Trichorhina albida

Scientific classification
- Kingdom: Animalia
- Phylum: Arthropoda
- Class: Malacostraca
- Order: Isopoda
- Suborder: Oniscidea
- Family: Platyarthridae
- Genus: Trichorhina
- Species: T. albida
- Binomial name: Trichorhina albida (Budde-Lund, 1908)

= Trichorhina albida =

- Genus: Trichorhina
- Species: albida
- Authority: (Budde-Lund, 1908)

Species of woodlouse

Trichorhina albida is a species of woodlouse, described from a single specimen collected in Madagascar. It is covered in short, scaly hairs, with five to six simple eyes.

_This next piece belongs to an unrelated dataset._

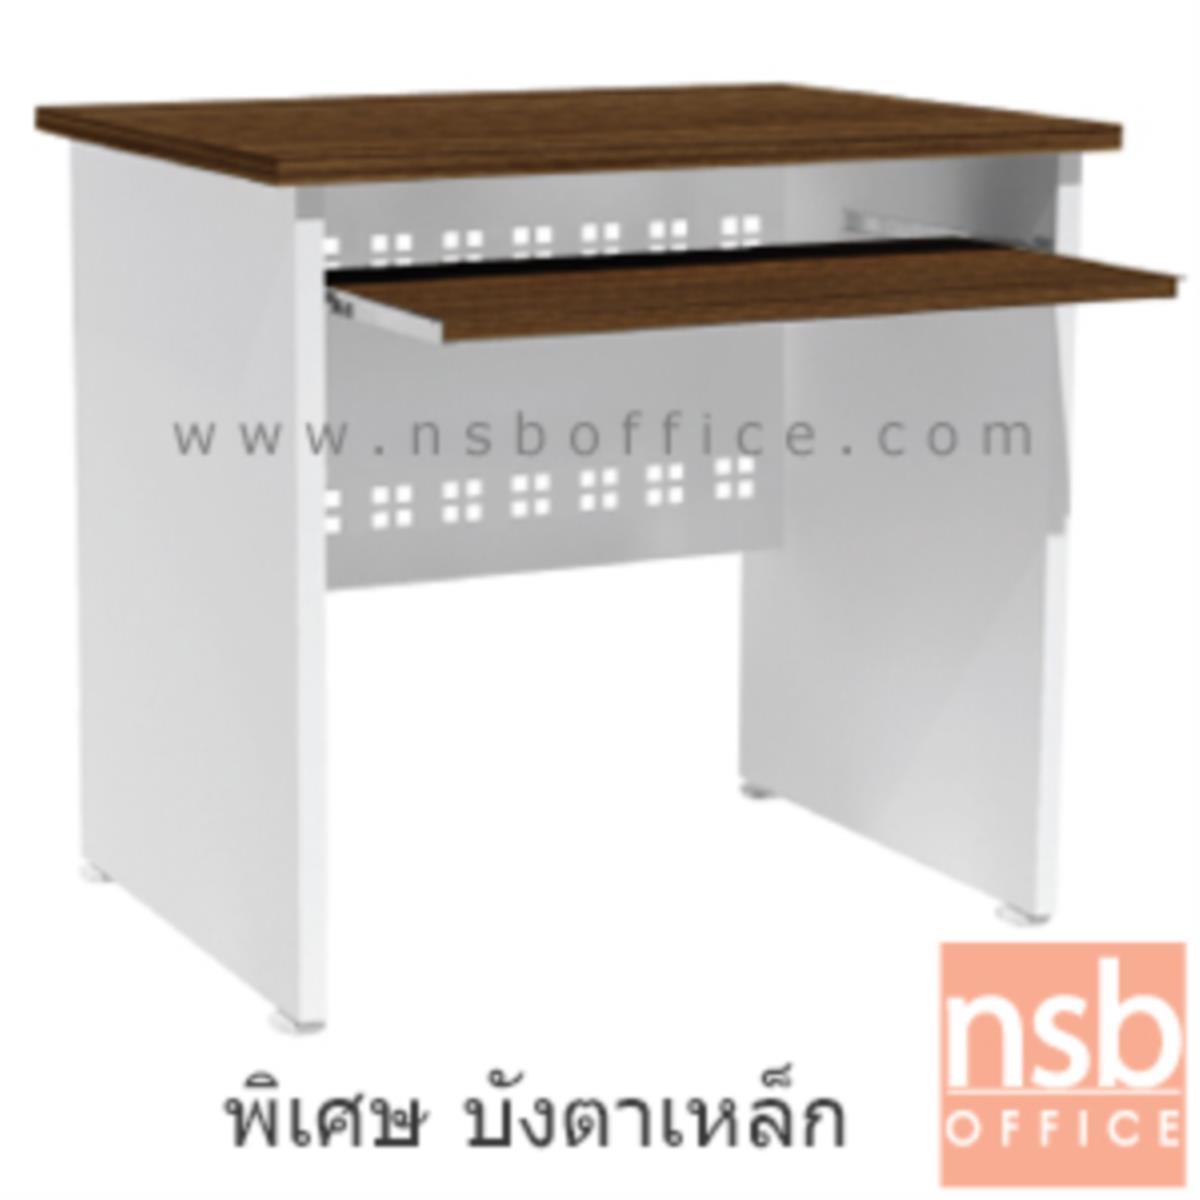 โต๊ะคอมพิวเตอร์  รุ่น Luxyl (ลูซิล) ขนาด 80W cm. พร้อมรางคีบอร์ด บังโป๊เหล็ก สีซีบราโน่-ขาว

Its total length is 2.5 mm

==Taxonomy==
Trichorhina albida was described by Gustav Budde-Lund in 1908, along with numerous other Madagascan isopods (an order of crustaceans). He studied only one specimen, from a box given to him by a Mr. Chevreux, who claimed it was from Tamatave. The Integrated Taxonomic Information System reports that this species meets its minimum credibility standards, which is when "data in the record have been reviewed but are incomplete or contain accuracy, placement, or nomenclatural issues, or are from a non-peer reviewed source".

==Description==
The body of Trichorhina albida is covered in short, scaly hairs, especially on the edges of its segments. Its eyes are small, in the form of 5–6 ocelli (simple eyes lacking a complex retina). The trunk segments are curved at the rear edge. The uropod (an appendage often used by crustaceans for locomotion) slightly exceeds the telson (last segment). The telson is short, over twice as wide as it long. The total body is 2.5 mm long and 1 mm wide.